The only snag is that employees are different to lumps of coal. For a start, they have a role outside the production process - as citizens, parents and consumers, among other things. This might seem like stating the bleeding obvious, but there are times when stating the bleeding obvious can seem like an act of radical dissent.
Unlike lumps of coal, employees create the society in which business operates. That's why penalty rates are a good compromise: they don't force businesses to close down on weekends; but they do gently encourage work to be concentrated, where possible, on weekdays.
This allows for two days in which citizens can join together to build social capital - whether that takes the form of attending church, partaking in a boozy barbecue, or driving the children to soccer. All are hard to achieve when there is no shared pattern to our times of rest and work.

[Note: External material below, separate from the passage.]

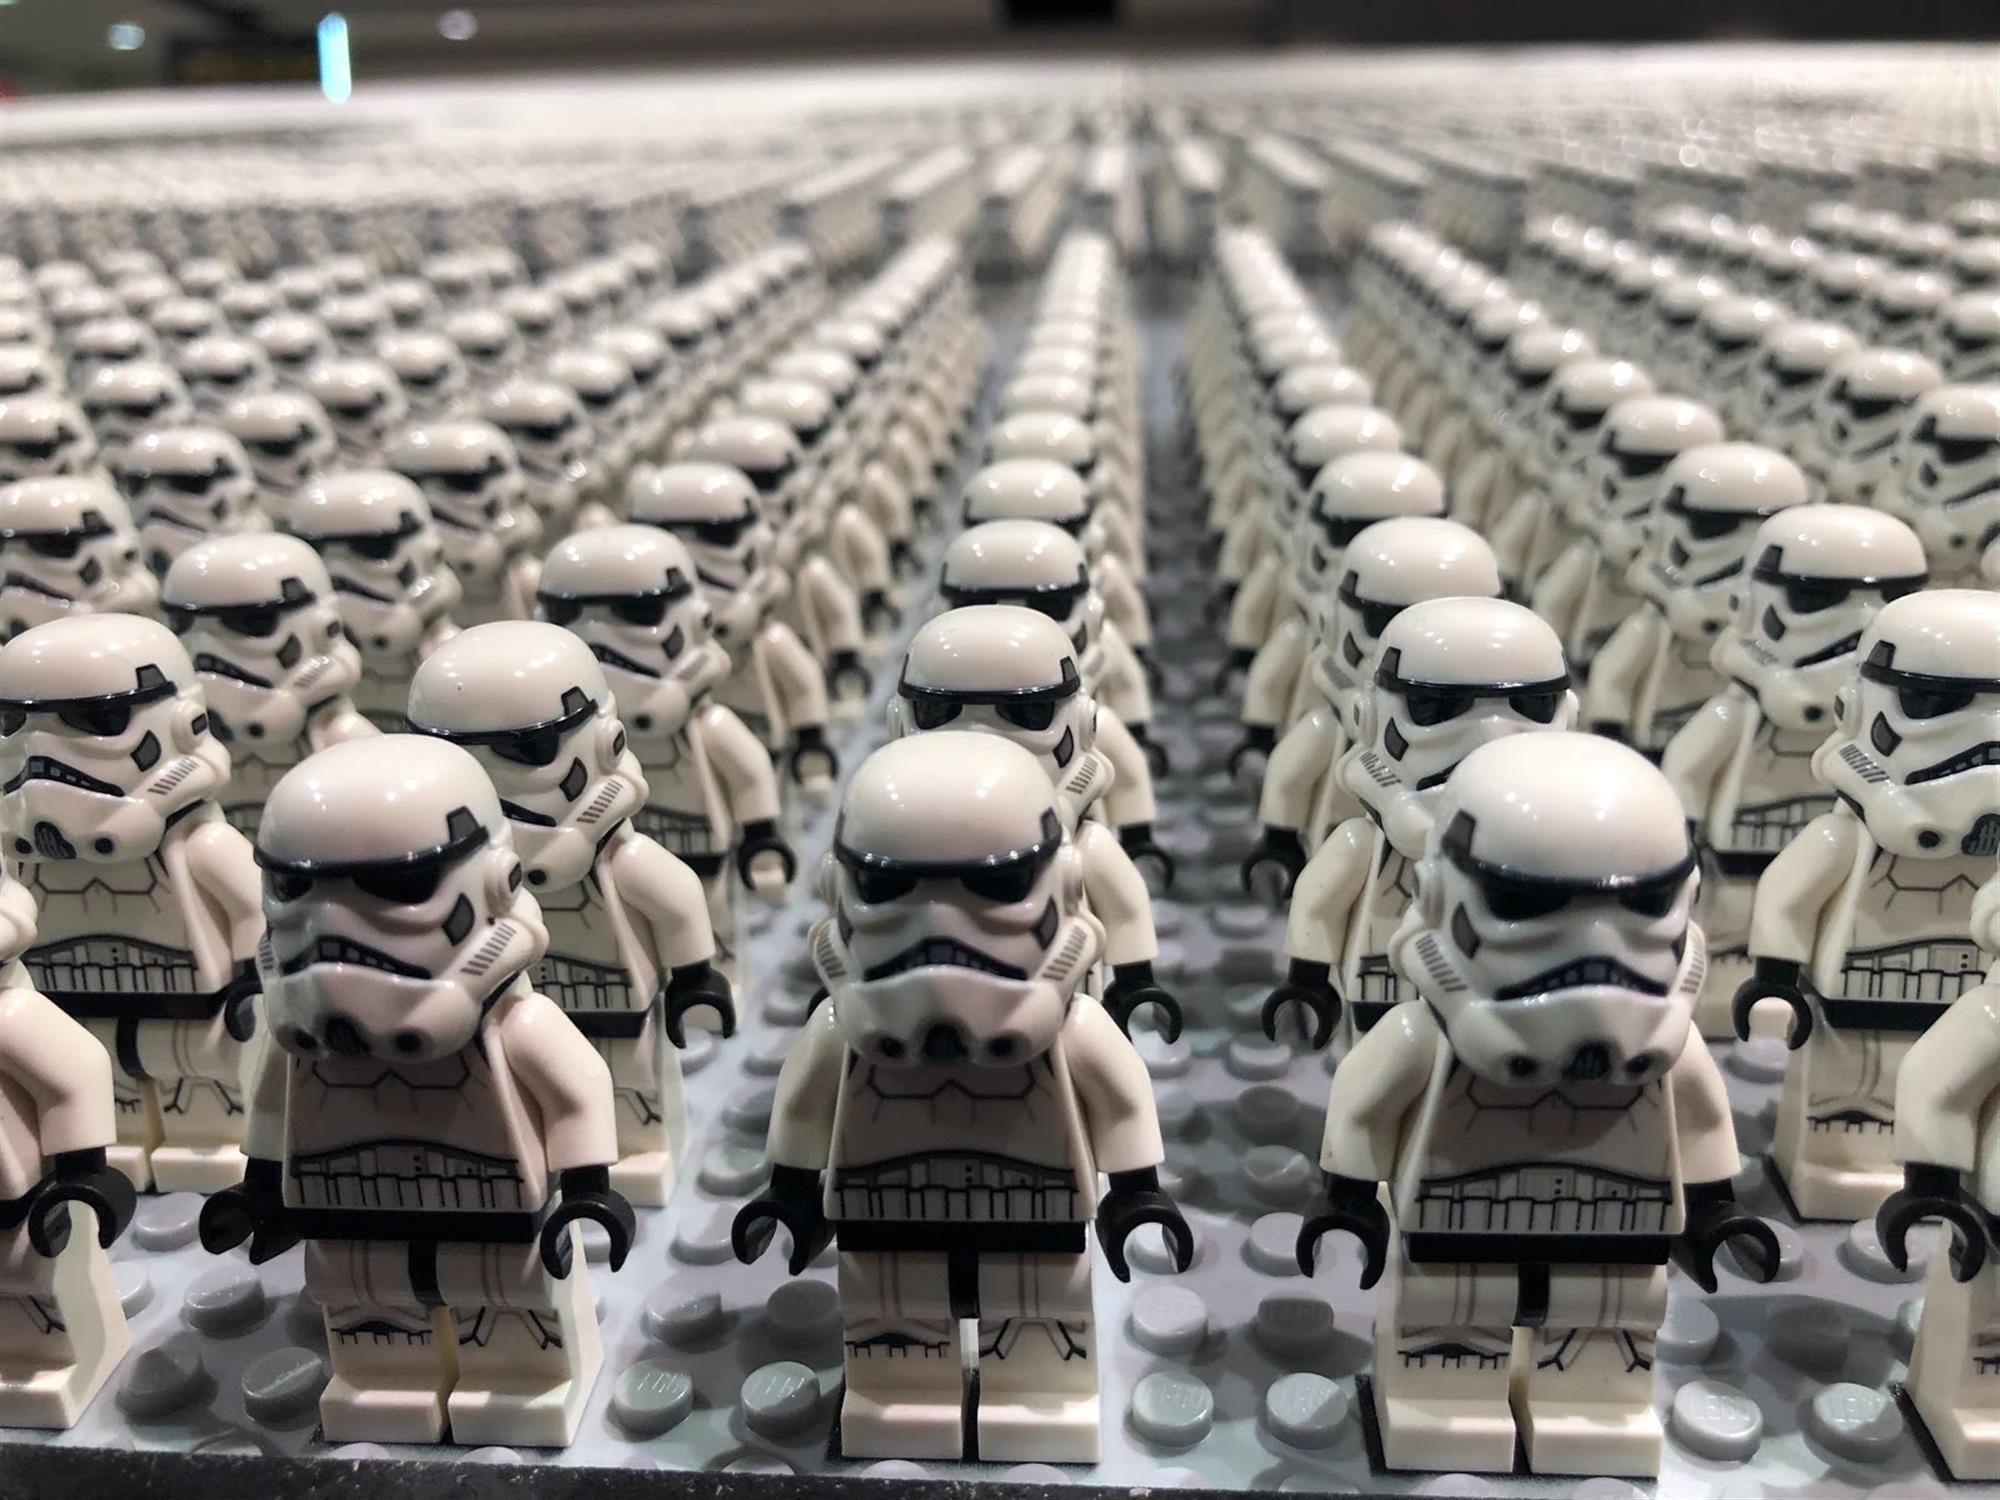 LEGO Sets World Record with Stormtrooper Army Build at Star Wars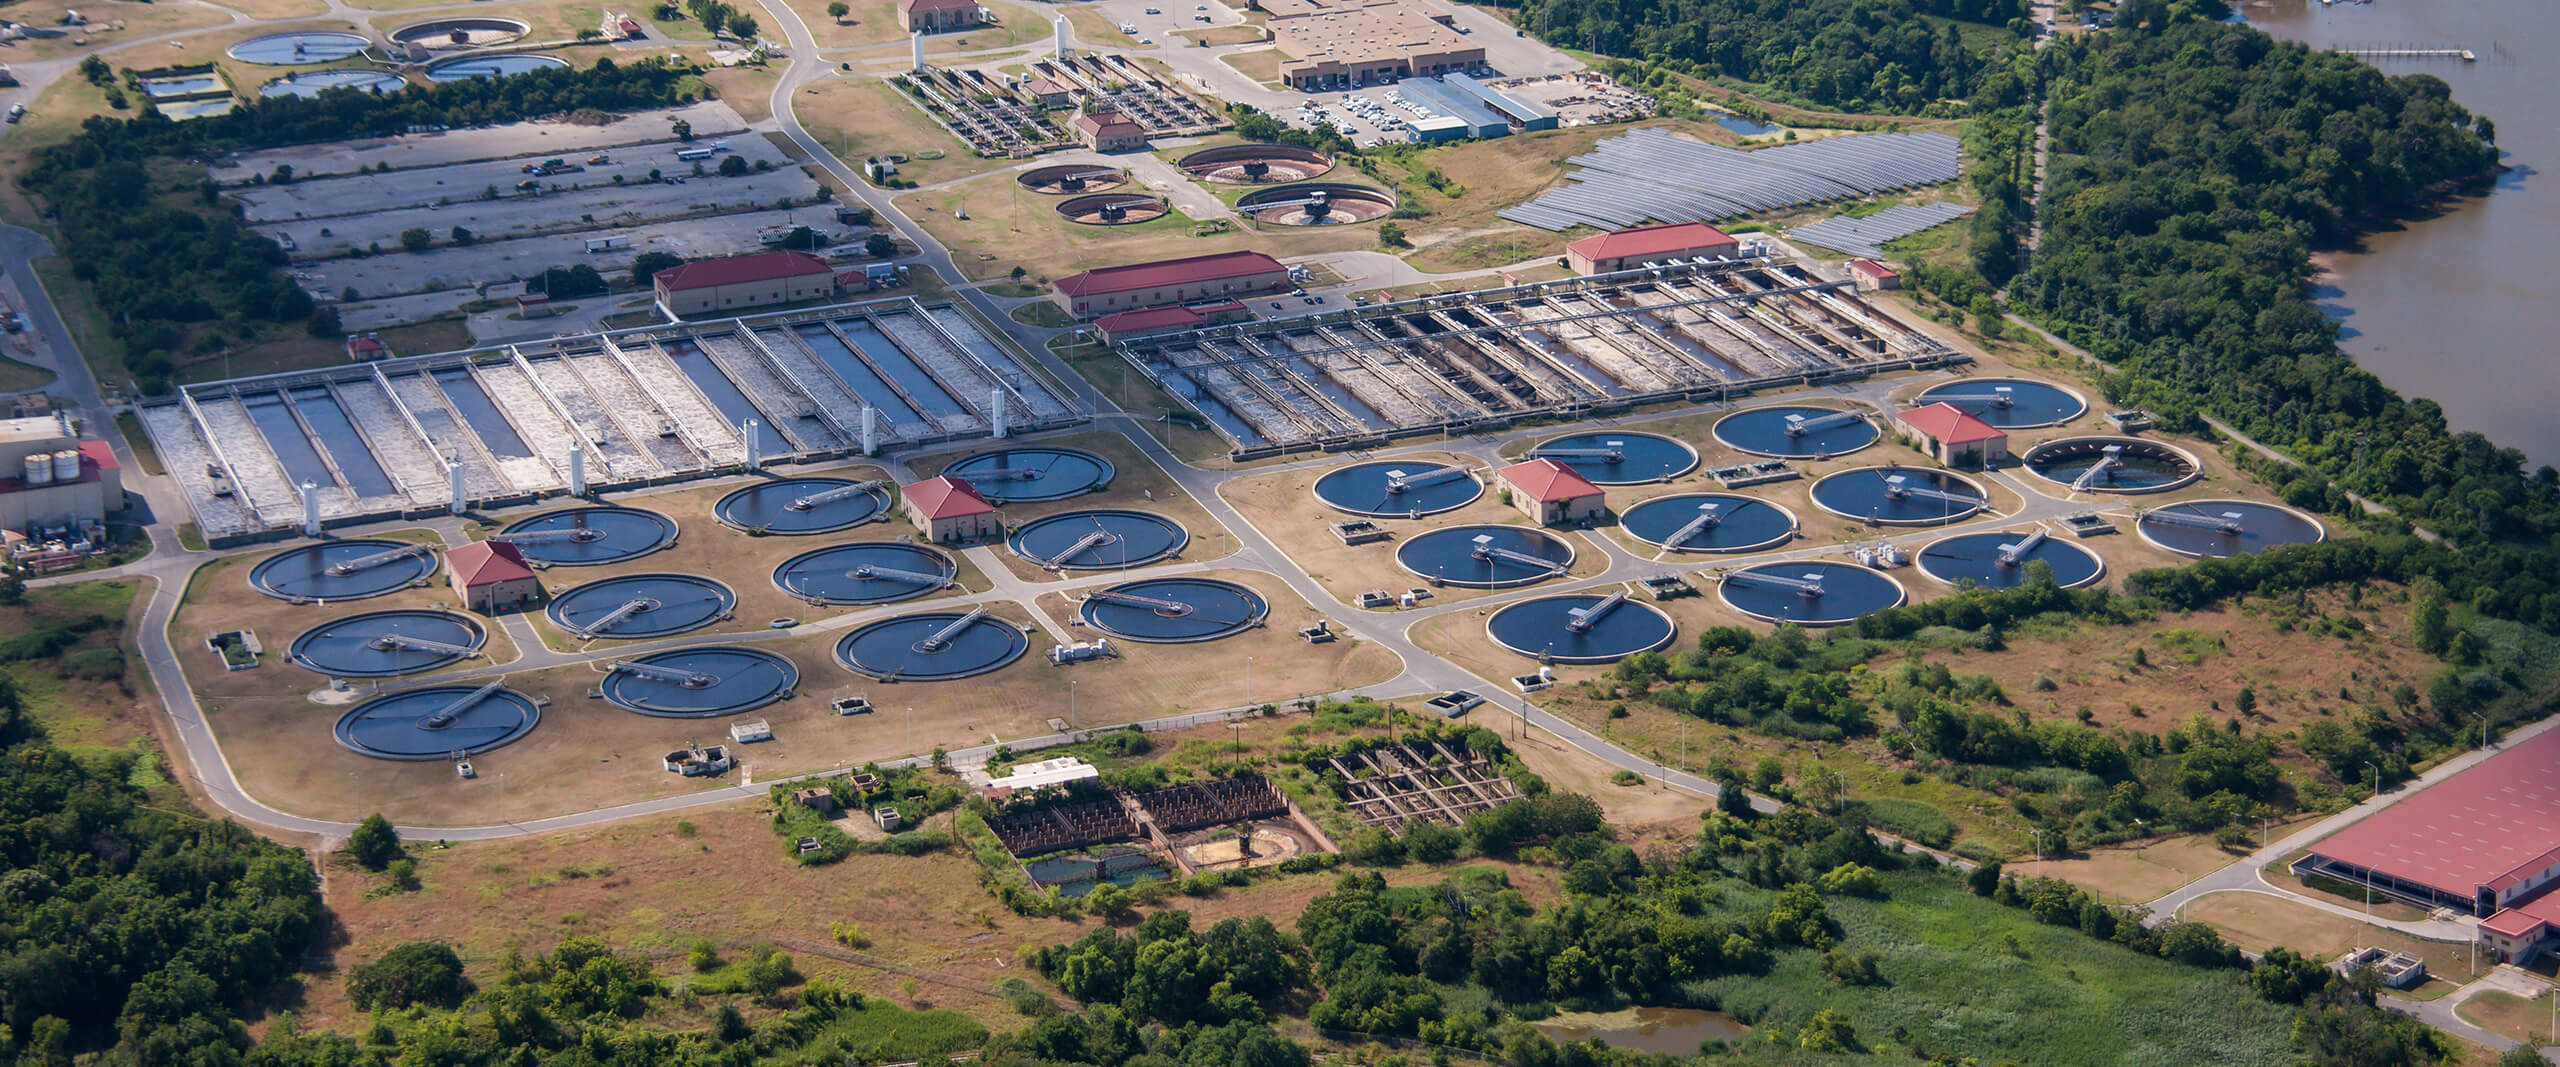 Aerial photo of a wastewater treatment plant

The Government keeps insisting penalty rates should be a matter of individual choice. But weekends, by their very nature, are the proper subject of communal decision making. There's no point in me driving my children down to weekend soccer if there's no one there for them to play against.
It's not a problem faced by lumps of coal. Lumps of coal don't care too much about when they are thrown into the burner. Lumps of coal are not asked to play a role outside the economy.
The tradition of Australian industrial relations was famously set in 1907 in the Harvester judgement of Justice H.B. Higgins. He insisted that workers were more than an input cost; that a fair wage had to take account of a worker's ability to function in those other roles, such as citizen, parent or, as Higgins put it, "a human being in a civilised community".
A dusty court judgement, from a century ago. Funny how, in 2006, it suddenly has the ring of a rallying cry.